- Episode no.: Season 3 Episode 5
- Directed by: Daniel Stamm
- Written by: Suzanne Heathcote
- Original air date: June 25, 2017
- Running time: 43 minutes

Guest appearances
- Michael Greyeyes as Qaletaqa Walker; Rae Gray as Gretchen Trimbol; Michael William Freeman as Blake Sarno; Justin Rain as Lee;

Episode chronology
| ← Previous "100" | Next → "Red Dirt" |
- Fear the Walking Dead (season 3)

= Burning in Water, Drowning in Flame (Fear the Walking Dead) =

"Burning in Water, Drowning in Flame" is the fifth episode of the third season of the post-apocalyptic horror television series Fear the Walking Dead, which aired on AMC on June 25, 2017.
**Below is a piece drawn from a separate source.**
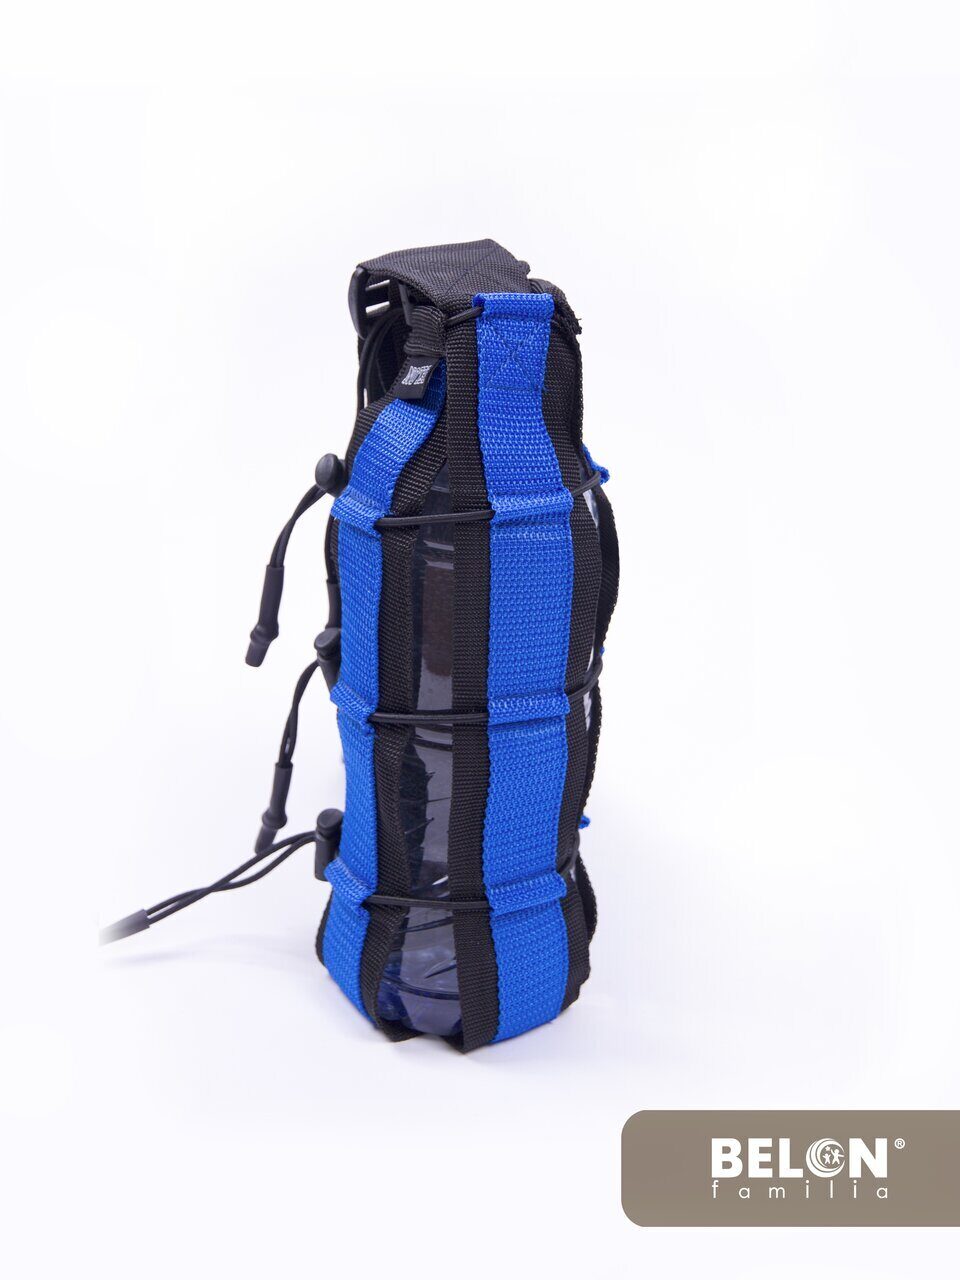 Спортивно-туристическая сумка для бутылки Belon familia стропа цвет синий

This episode also marks the first appearance of Michael Greyeyes as Qaletaqa Walker, a prominent recurring character of the season.

== Plot ==
After a fire kills one of the founders of Broke Jaw, Nick and Jeremiah bond by cleaning up the wreck, locating Jeremiah's prized antique revolver. Nick hopes Luciana will like the house but she leaves in the night. Madison, Troy and their squad set out for the Black Hat Reserve, led by Qaletaqa Walker, on whose ancestral land Broke Jaw was built. Walker ambushes the squad who are forced to return in sock feet with a warning of an impending invasion. During the trek back, Troy contemplates killing Madison. Alicia and Jake begin a relationship. Elsewhere, Strand leads Daniel to the hotel, but upon finding Ofelia was not present, Daniel abandons Strand to the dead.

== Reception ==
"Burning in Water, Drowning in Flame", received very positive reviews from critics. On Rotten Tomatoes, "Burning in Water, Drowning in Flame" garnered an 86% rating, with an average score of 7.24/10 based on 7 reviews.
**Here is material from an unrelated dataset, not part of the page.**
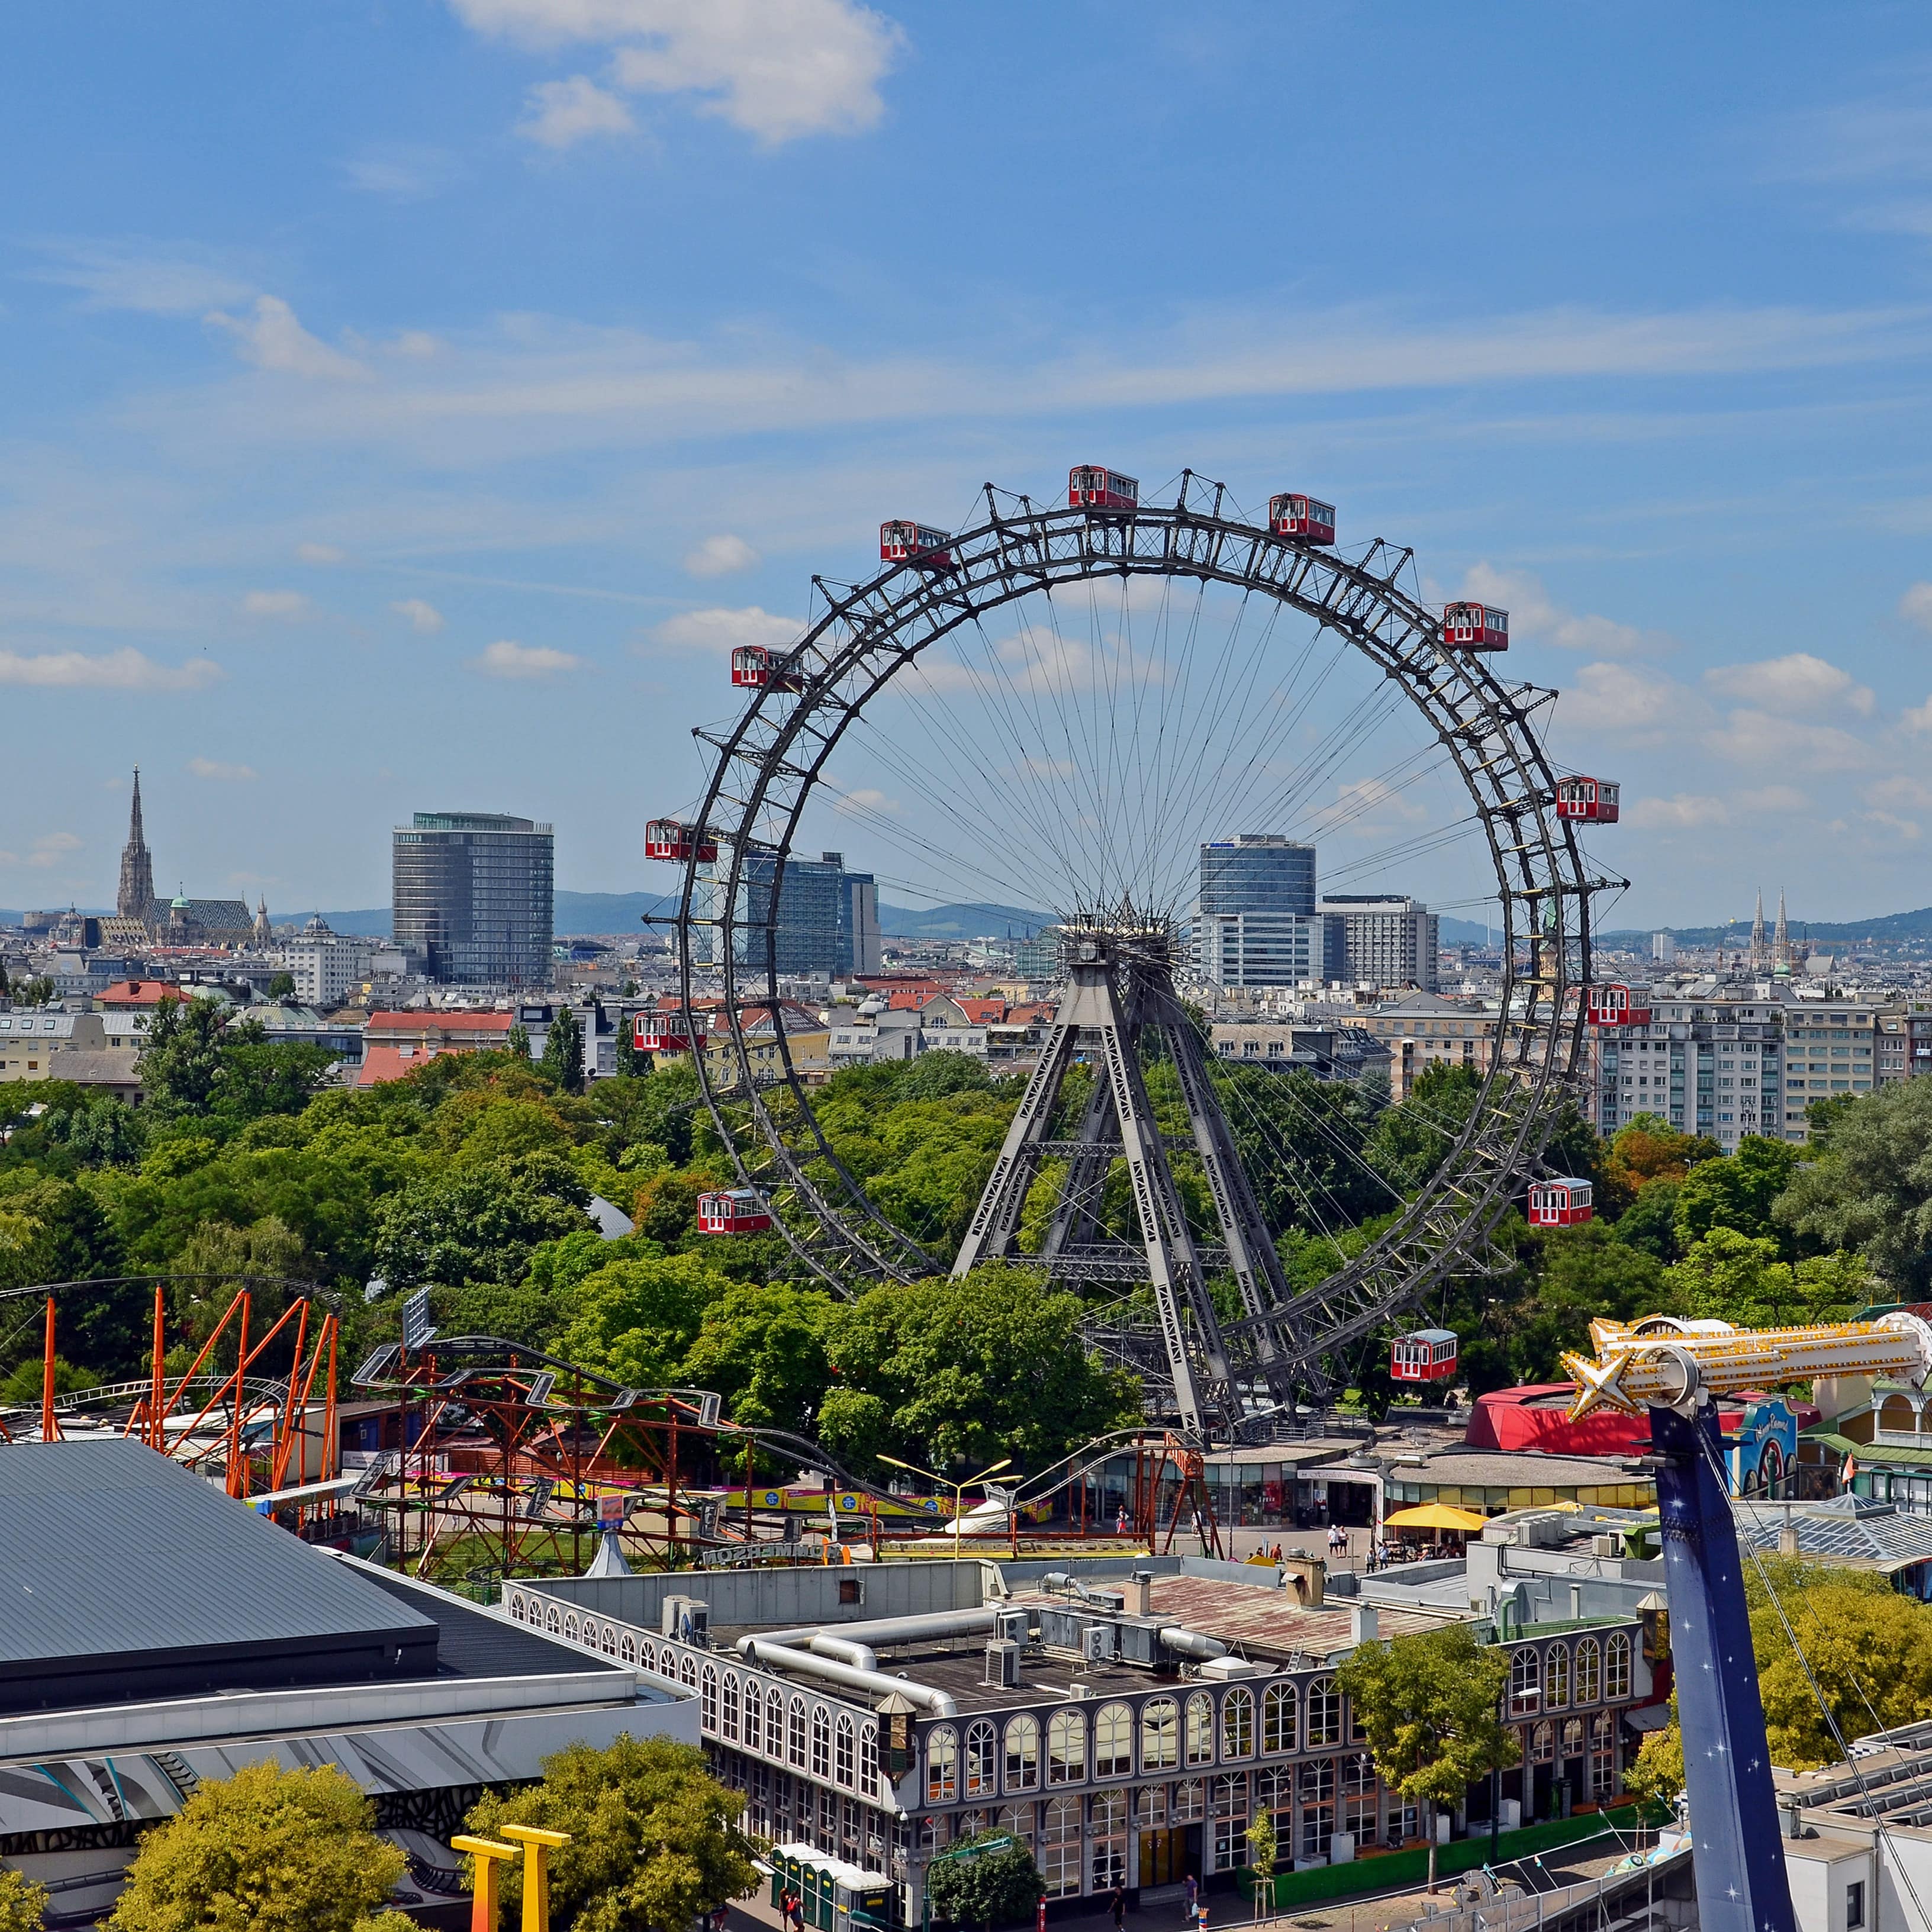 Blick auf Wien mit dem Riesenrad des Wiener Prater

Matt Fowler of IGN gave "Burning in Water, Drowning in Flame" an 8.2/10.0 rating, stating; "Five episodes into its third season and Fear the Walking Dead feels more confident and capable. Everyone's journey, both as a collective and as individuals, feels legitimate and un-forced. Nick's desire to make Luciana feel at home, Alicia's resentment of the future she's lost, Madison's hard-nosed survival mode - it all works. And gone are the days when dangers would descend due to their bad decisions."

=== Ratings ===
"Burning in Water, Drowning in Flame" was seen by 2.50 million viewers in the United States on its original air date, above the previous episodes rating of 2.40 million.